Have a question about this project? Sign up for a free GitHub account to open an issue and contact its maintainers and the community.

By clicking “Sign up for GitHub”, you agree to our terms of service and privacy statement. We’ll occasionally send you account related emails.

Already on GitHub? Sign in to your account

Improve handling of builtin symbols in linter rules #10919

Merged
merged 9 commits into from Apr 16, 2024

Conversation

AlexWaygood
Copy link
Member

Summary

A pattern that shows up a lot in the ruff_linter crate currently is to do something like this to determine whether an ast::Expr node refers to a builtin symbol:

fn do_the_check(checker: &mut Checker, expr: &ast::Expr) {
    let ast::Expr::Name(ast::ExprName { id, .. }) = expr else {
        return;
    }
    if id != "zip" {
        return;
    }
    if !checker.semantic().is_builtin("zip") {
        return;
    }
    // and now we do the check that only applies to the builtin zip function...
}

This has two problems:

  1. It's pretty verbose and repetitive, and lots of our checks have some interaction with a builtin function or class in some way
  2. This pattern doesn't account for the fact that it's perfectly possible to explicitly import the builtins module and e.g. refer to zip by using builtins.zip rather than just zip

This PR adds a new method to the semantic model that means that this kind of logic becomes both more concise and more accurate. The above logic can now be replaced with this, which will also (unlike the old function) recognise builtins.zip as being a reference to the builtin zip function:

fn do_the_check(checker: &mut Checker, expr: &ast::Expr) {
    if !checker.semantic().match_builtin_expr(expr, "zip") {
        return;
    }
    // and now we do the check that only applies to the builtin zip function...
}

A new method is also added to crates/ruff_linter/src/importer/mod.rs to enable us to provide autofixes involving builtin functions/classes, even when they've been shadowed by a user-defined function or class in the current scope.

Test Plan

cargo test. Several fixtures have been extended with new examples to test the new functionality.

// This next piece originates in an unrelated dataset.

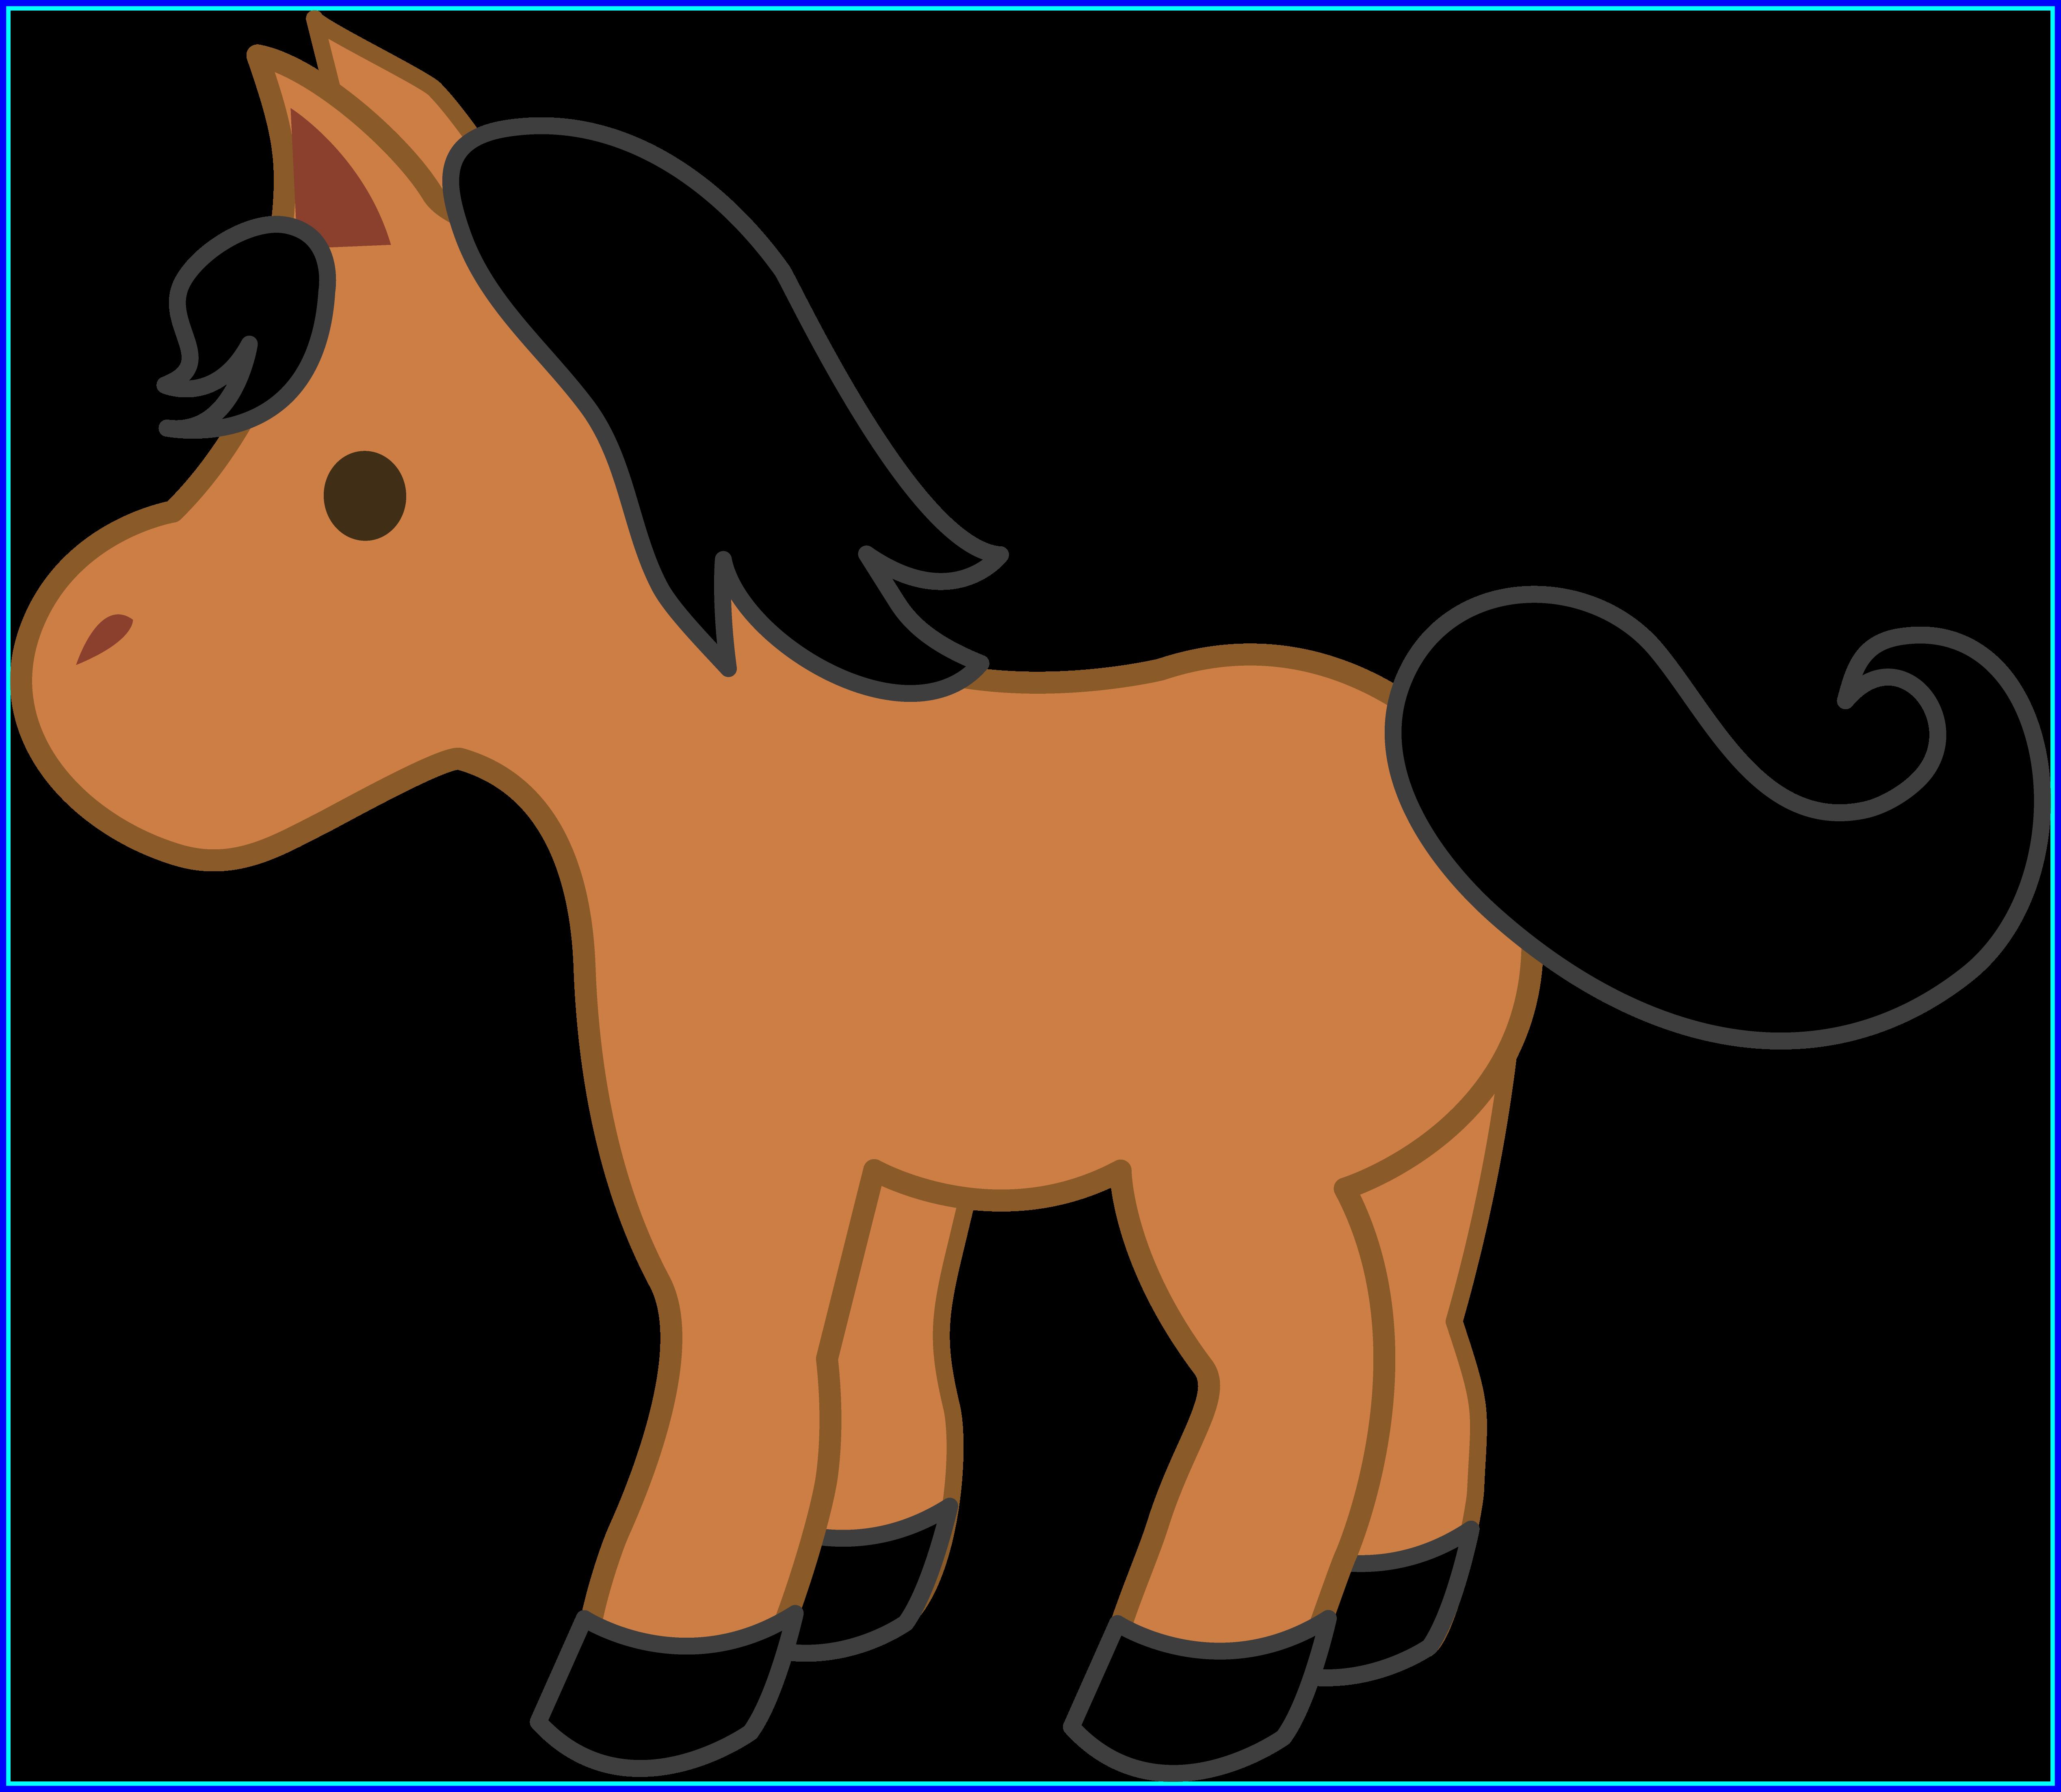 Cute baby at getdrawings. Horses clipart kid

This PR should be easiest to review commit-by-commit: each commit passes the full test suite by itself.

@AlexWaygood AlexWaygood changed the title Add a new method to check whether an Expr refers to a builtin symbol Improve handling of builtin symbols in linter rules Apr 13, 2024
@AlexWaygood AlexWaygood added the linter Related to the linter label Apr 13, 2024
Copy link
Contributor

github-actions bot commented Apr 13, 2024

ruff-ecosystem results

Linter (stable)

✅ ecosystem check detected no linter changes.

Linter (preview)

✅ ecosystem check detected no linter changes.

Formatter (stable)

✅ ecosystem check detected no format changes.

Formatter (preview)

✅ ecosystem check detected no format changes.

@AlexWaygood
Copy link
Member Author

AlexWaygood commented Apr 13, 2024

Ah, that's a regression: something can be imported explicitly from builtins even if it's not an ast::Name node. My fast path doesn't work as it's currently written.

@AlexWaygood
Copy link
Member Author

AlexWaygood commented Apr 13, 2024

Seems like this leads to a 1% perf regression overall, with regressions of 2-3% on some linter benchmarks: https://codspeed.io/astral-sh/ruff/branches/AlexWaygood:improve-builtins-handling

I don't know whether that's worth it or not — it's less repetitive code for us and it's more principled in that we're handling the semantics of Python more accurately, but importing builtins explicitly also isn't that common.

@charliermarsh
Copy link
Member

Would you have expected ~no change here for benchmarks that don't import builtins?

@AlexWaygood
Copy link
Member Author

Would you have expected ~no change here for benchmarks that don't import builtins?

yeah. I would have hoped that the fast path from the if self.seen_modules(Modules::BUILTINS) check would mean that performance would be basically unchanged for those benchmarks.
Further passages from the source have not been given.